You should probably split it up: an end-to-end model for great latency (especially for baked in turn taking), but under the hood it can call out to any old text based model to answer more intricate question. You just need to teach the speech model to stall for a bit, while the LLM is busy.

Just use the same tricks humans are using for that.

donpark · 2026-03-03T01:39:14 1772501954

But I've read somewhere that KV cache for speech-to-speech model explodes in size with each turn which could make on-device full-duplex S2S unusable except for quick chats.

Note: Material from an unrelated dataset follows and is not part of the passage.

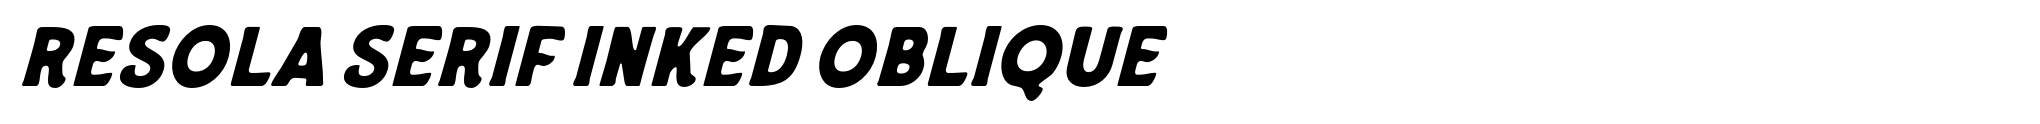 Resola Serif Inked Oblique image

tmzt · 2026-03-03T02:38:24 1772505504

Gemini Nano is supposedly doing it on device. It looks like something similar should work with Apple GPU and ANE.

coppsilgold · 2026-03-03T06:06:34 1772517994

Some of the best current voice tokenizers achieve ~12 Hz, that's many more tokens than a regular LLM would use for ultimately the same content.

russdill · 2026-03-03T05:27:49 1772515669

At least running things locally, such a model completely blows up your latency

NickNaraghi · 2026-03-02T21:34:09 1772487249

Pretty exciting breakthrough. This actually mirrors the early days of game engine netcode evolution. Since latency is an orchestration problem (not a model problem) you can beat general-purpose frameworks by co-locating and pipelining aggressively.

Carmack's 2013 "Latency Mitigation Strategies" paper[0] made the same point for VR too: every millisecond hides in a different stage of the pipeline, and you only find them by tracing the full path yourself. Great find with the warm TTS websocket pool saving ~300ms, perfect example of this.

[0]: https://danluu.com/latency-mitigation/

stonelazy · 2026-03-03T06:02:06 1772517726

This is a really solid writeup. The streaming pipeline architecture, the detailed latency breakdown per stage are genuinely useful. Building the core turn-taking loop from scratch is such a good exercise, and you did an excellent job explaining why each part matters and where the actual bottlenecks live. Strongly recommend this to anyone who wants to understand what’s really going on under the hood of a voice agent.

The one spot where it feels a bit off is the "2x faster than Vapi" claim. Your system is a clean straight pipe: transcript -> LLM -> TTS -> audio. No tool calls, no function execution, no webhooks, no mid-turn branching.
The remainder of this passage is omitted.